The world has blown open the window to revolution. There is no reversing the irreversible. We as a species and nation can only adapt to an ever increasingly chaotic and collapsing world. We cannot go on thinking and acting like we have since the dawn of civilization and believing that it is the greatest and best way to live.

You might be wondering where my facts and stats are in this column. I’m not including any, because I’m speaking to the part of me and you that knows the truth. To the small part that doesn’t take a chance to speak its truth as to how we feel. Tragically we feel justifiably powerless in our public and private thoughts much of the time.

But is it true that we are powerless?

Let’s look at the Declaration of Independence and the first charge against The King of England. I’m suggesting we are very much in the same situation as the radicals and revolutionaries were prior to 1776. Our government and our crumbling institutions, like then the King of England, care little about the public good.

If we are ever going to come up with a resilient, regenerative, and sustainable system of government and economics, we will have to assert our Right to Local, Community Self-Government. Over 200 communities and counting have successfully done this in the United States. They have said that they have the right to enact and enforce laws that protect their health, safety, and welfare. And they, along with the ones that have failed to successfully pass an ordinance or charter stating this right, have faced immense pressure from, not The King of England, but from the state and federal levels of government of the greatest democracy on earth! A tragic example of this is Grant Township Pennsylvania. In theory in this democracy, The Sovereign, that’s us, have the same governing authority as the king once did.
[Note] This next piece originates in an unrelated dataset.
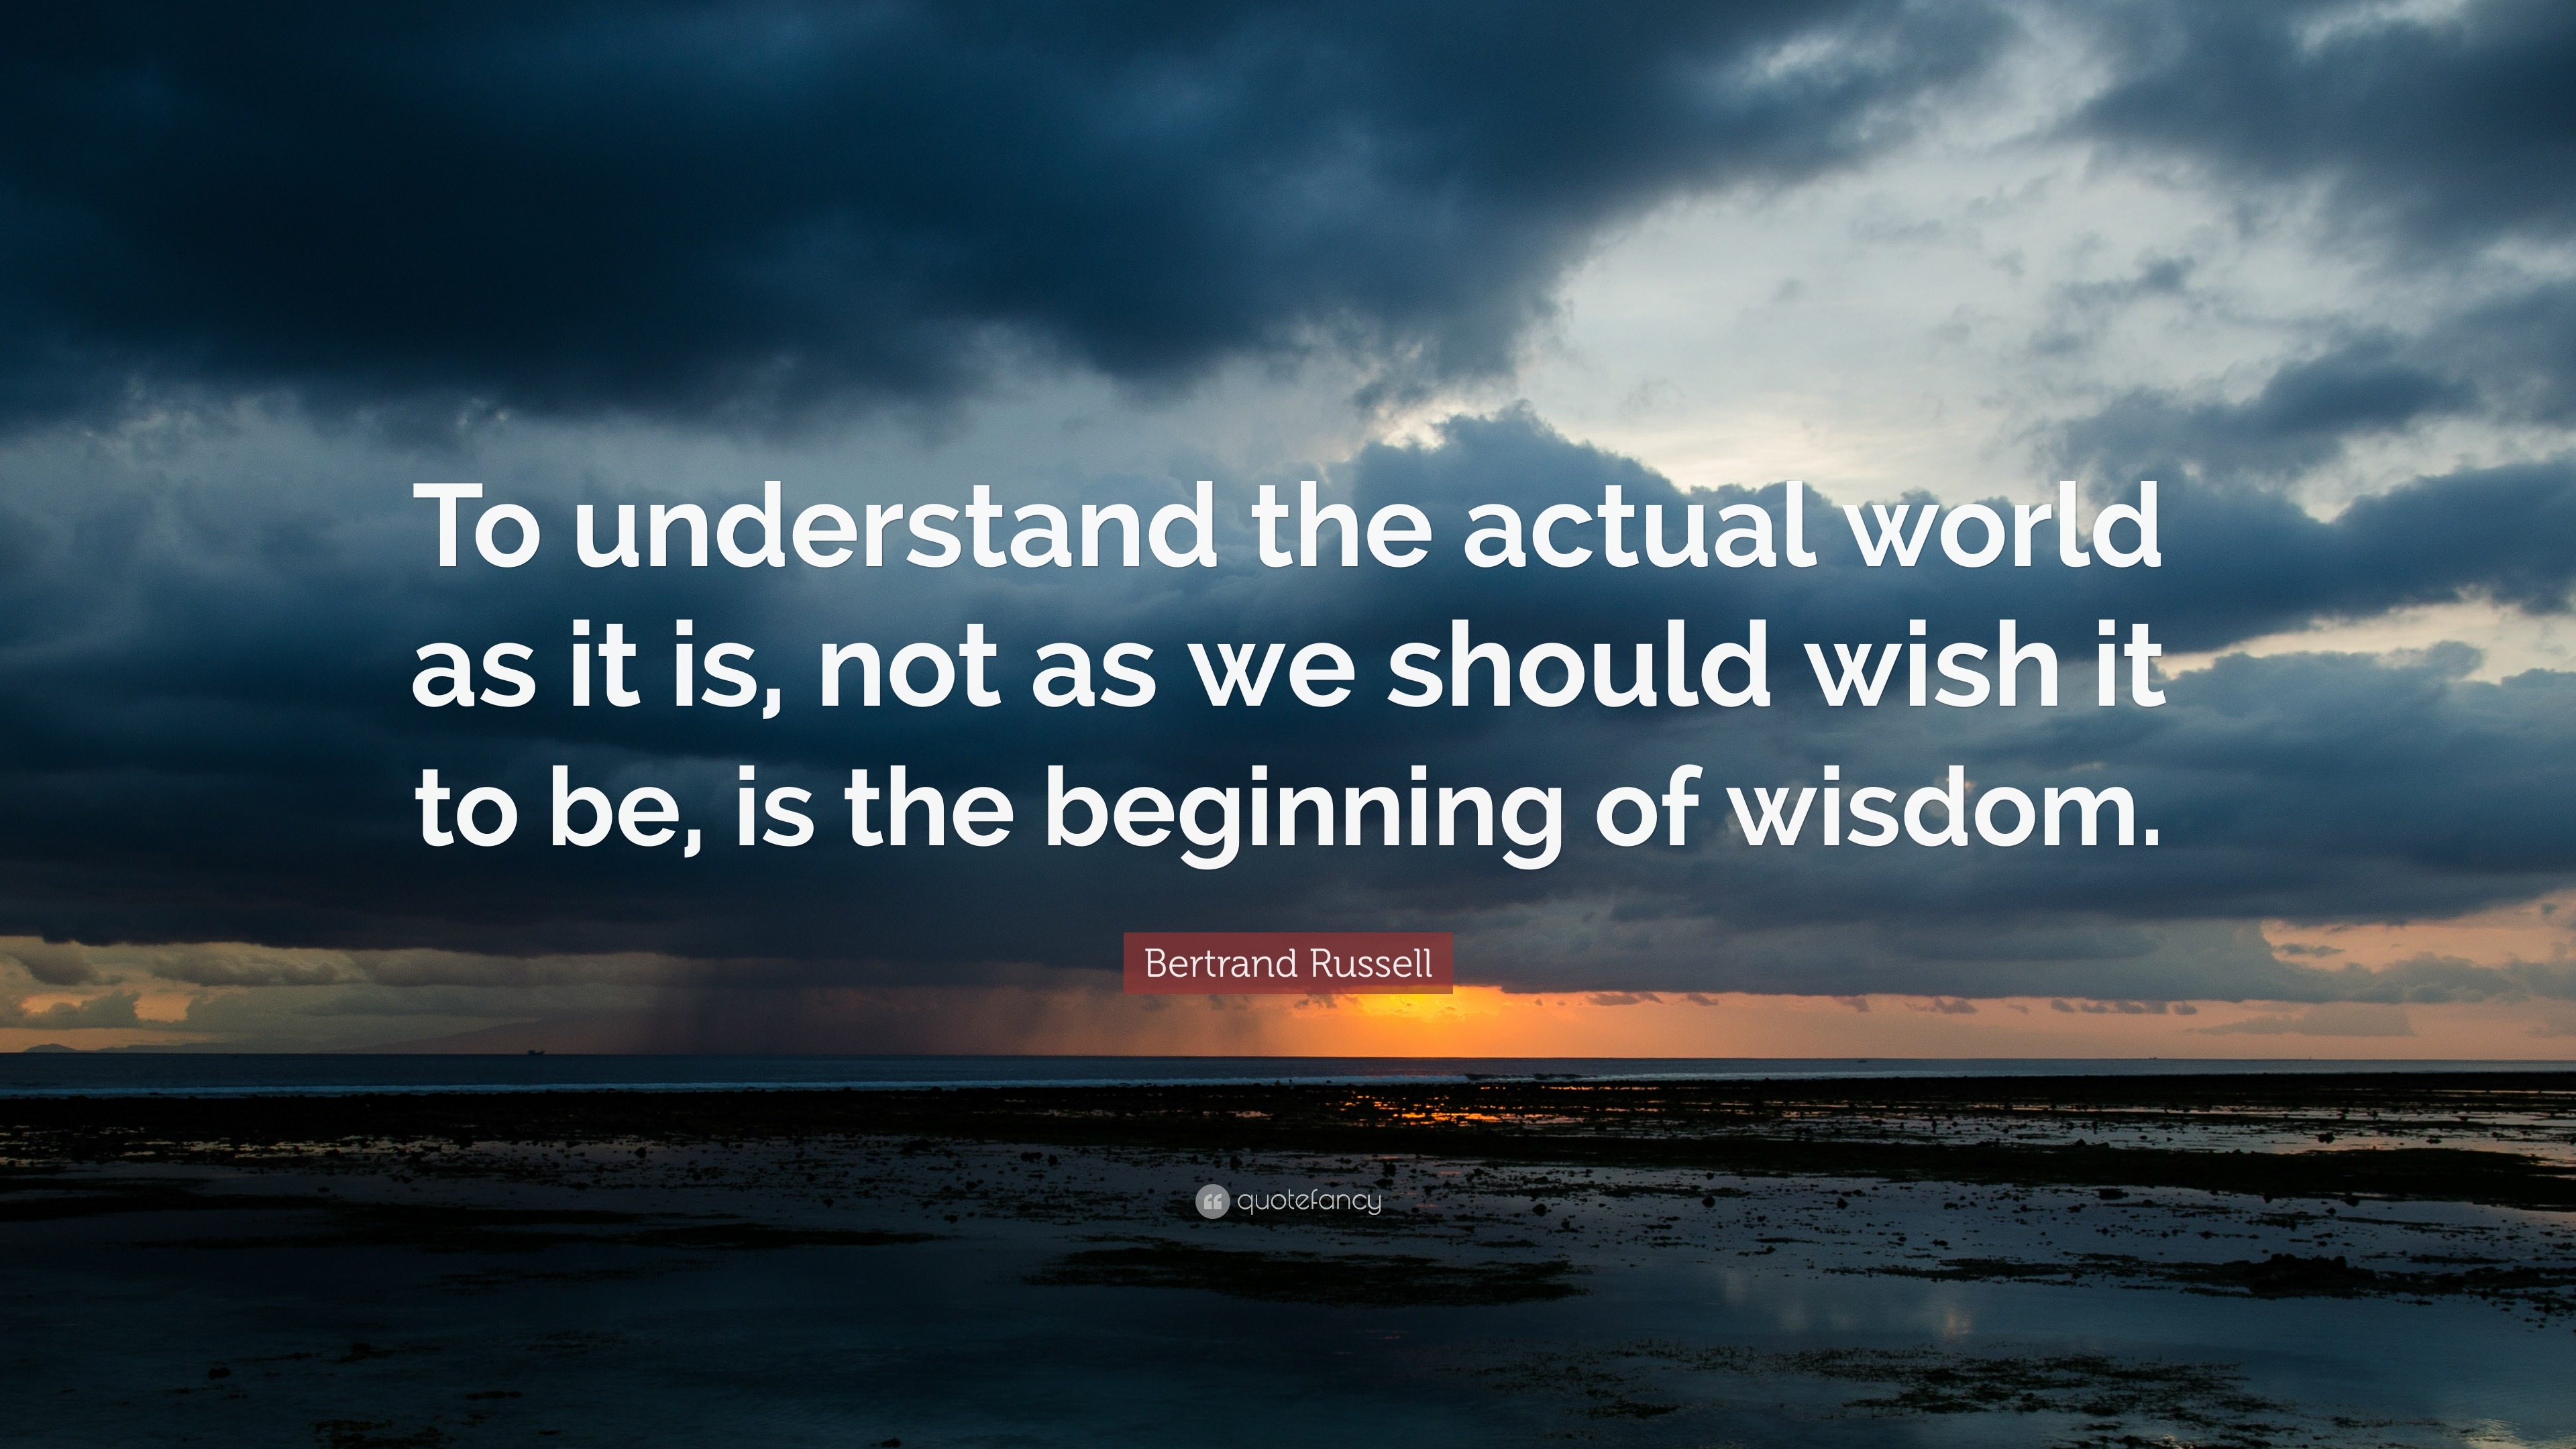 Bertrand Russell Quote: “To understand the actual world as it is, not as we should wish it to be, is the beginning of wisdom.” (12 wallpapers) - Quotefancy

The state– maybe empire is a more fitting term– has used The Rule of Law to squash – sometimes successfully, sometimes not – citizen initiatives to fend off big corporate projects that run contrary to the community’s vision of economic and environmental sustainability.

Thankfully the revolutionaries and founders declared what they declared and made a document out of it. Governments, in their eyes, were to be instituted to protect yes, property, but also the health, safety, and welfare of We The People. And when our governing institutions fail to do so, well, there’s another statement in the Declaration that will not leave me alone:

Governments are instituted among Men, deriving their just powers from the consent of the governed, —That whenever any Form of Government becomes destructive of these ends, it is the Right of the People to alter or to abolish it, and to institute new Government, laying its foundation on such principles and organizing its powers in such form, as to them shall seem most likely to effect their Safety and Happiness.

It’s time for the small part of us that knows the truth—we’ve been feeling powerless—to acknowledge that statement, be courageous, and fight to make it real in our lives. Acknowledge that we are at the beginning of a movement that is willing to do whatever it takes to fundamentally alter our form of government. Dusting off the Declaration of Independence and becoming better acquainted with this document can lead to it becoming powerful rather than anemic in our lives.

One thing we can do, at this stage of the game, is become more than one person. Stand with another in the places we live and start to take actionable steps like enacting and enforcing common sense laws like the revolutionaries that helped shape the Declaration of Independence, and like citizens are currently doing in the over 200 communities across the United States. Mandating what We The People want from below and not complying to a corporate minority’s dictates from above.